Unfortunately everything is not puppies and rainbows. There is inherent complexity in bringing a new version of a Process Manager to continue from an old version of the Process Manager. The new version must be able to understand all the possible event streams that result from the previous version, or at least what it cares about. Often times this is not a huge problem but it depends how different the processes are between the two versions. This can result in a large amount of conditional logic for how to handle continuing on the new process where the old process had left off.

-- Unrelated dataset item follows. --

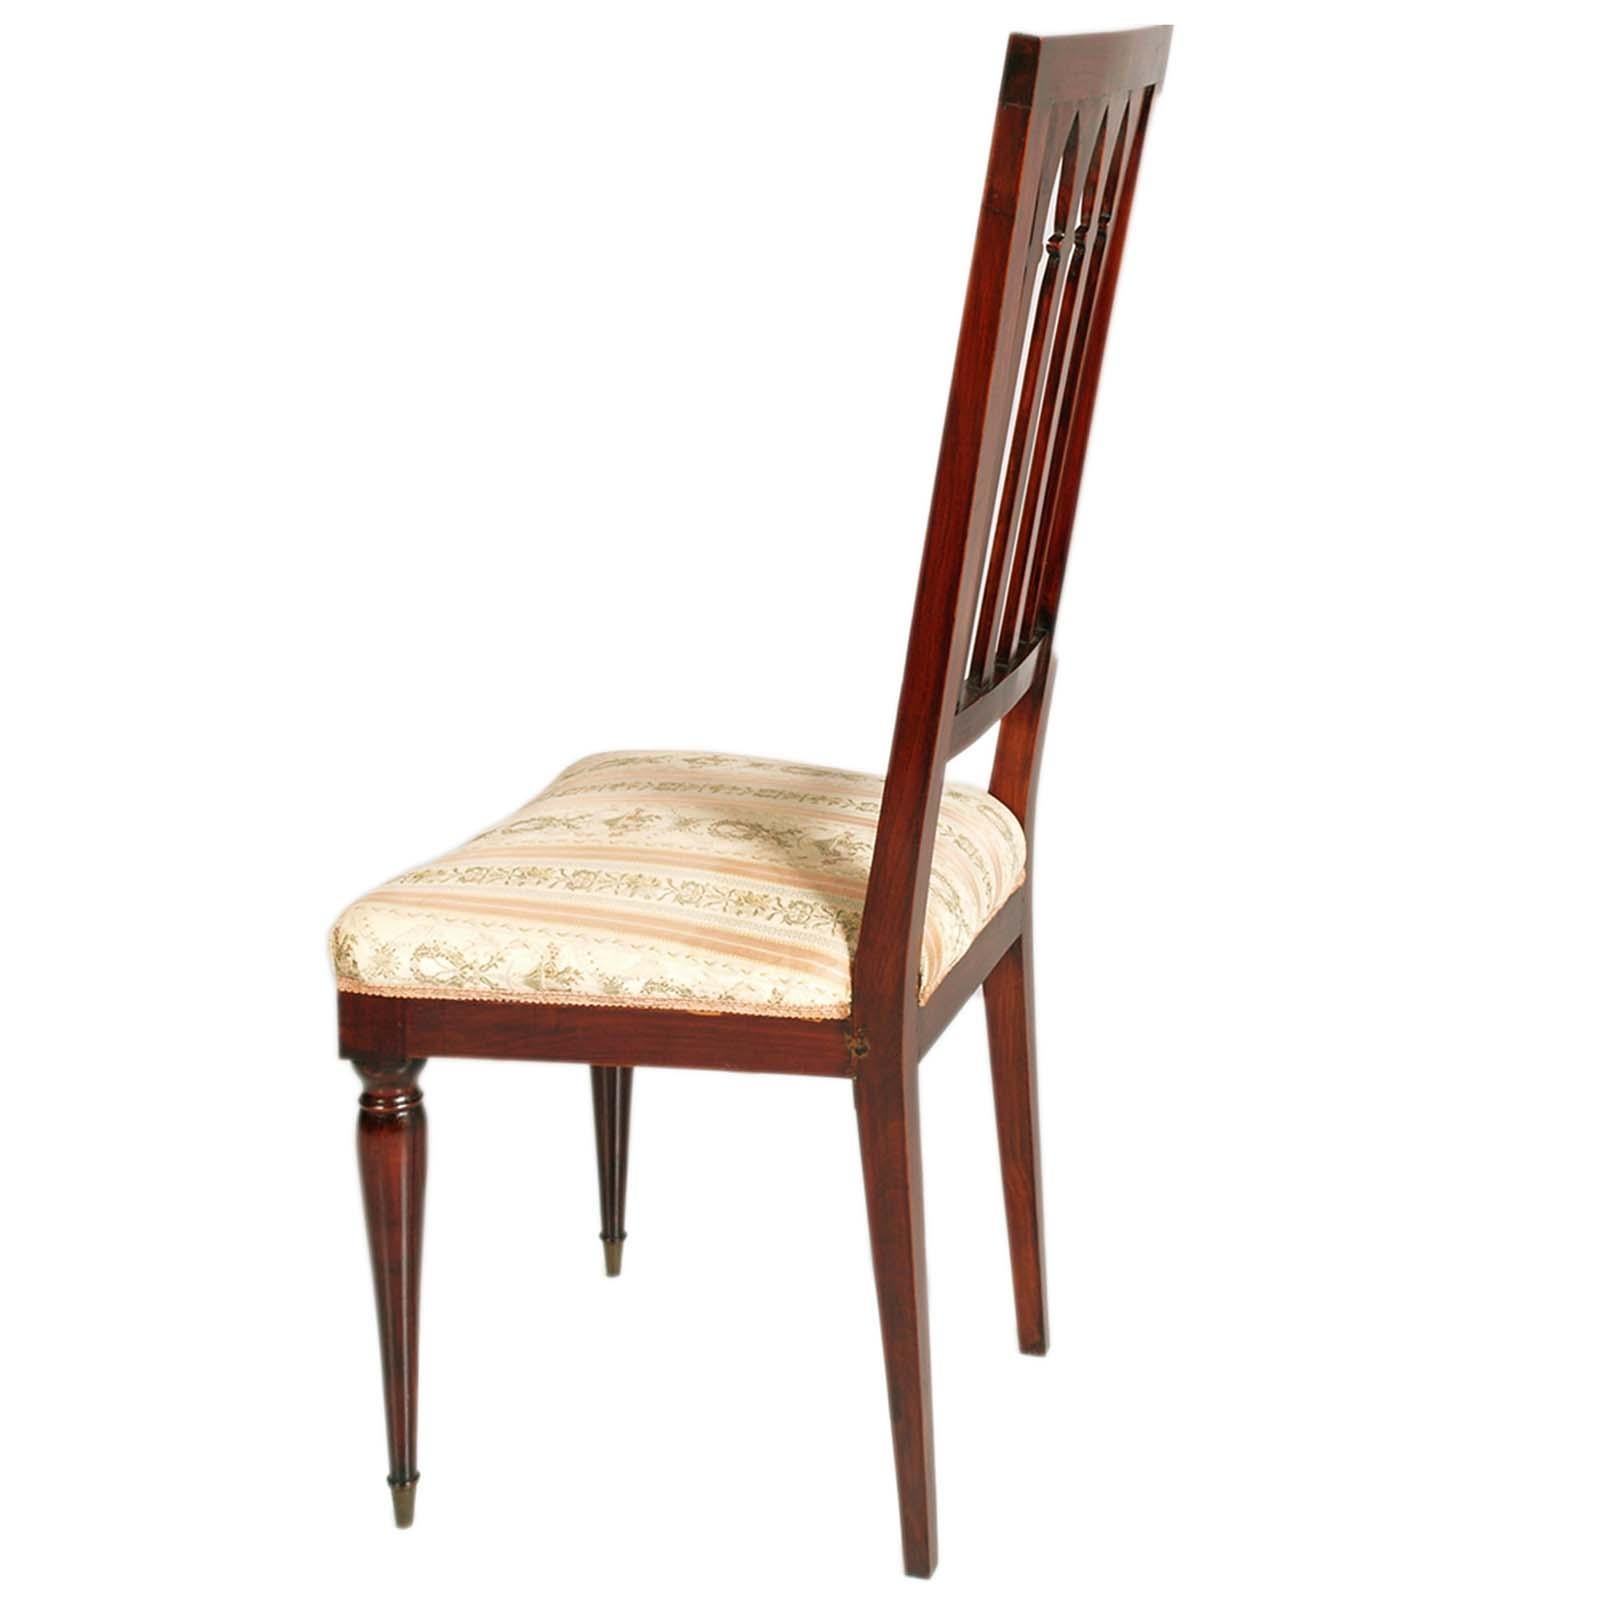 Eight French Gothic Style Chairs , Mahogany 1940s , Charles Dudouyt attributed In Good Condition For Sale In Vigonza, Padua

This versioning of Event Sourced Process Managers is often used in conjunction with the Takeover pattern. The old version is signaled that it is to terminate. It can still do anything that it wants as part of its termination and it then raises the “TakeoverRequested” message that will start the new version. The main difference with Event Sourced Process Managers and the pattern is that they do not send state when they ask the new version to Takeover.

Warning

When versioning Process Managers there are many options. The majority of this chapter however is focused on difficult edge conditions. Situations where a running process is changed while it is running should be avoided. All of the cases where a running process is changed while running are niche scenarios, they are included as the topic of the book is versioning. In most circumstances if you are trying to version running Process Managers, you are doing it wrong. Stop and think why it is needed, likely you have a modelling issue. Why does the business want to upgrade the processes in place? There are valid reasons but it is worth looking deeper.

Instead focus on releasing new processes in the same way the business does. When releasing a new version the new version takes future versions of the process. The currenty running versions stay on the old version. It is not a “new version” of the Process Manager but a new Process Manager. This method of versioning is far simpler, your hair and your sanity will thank you.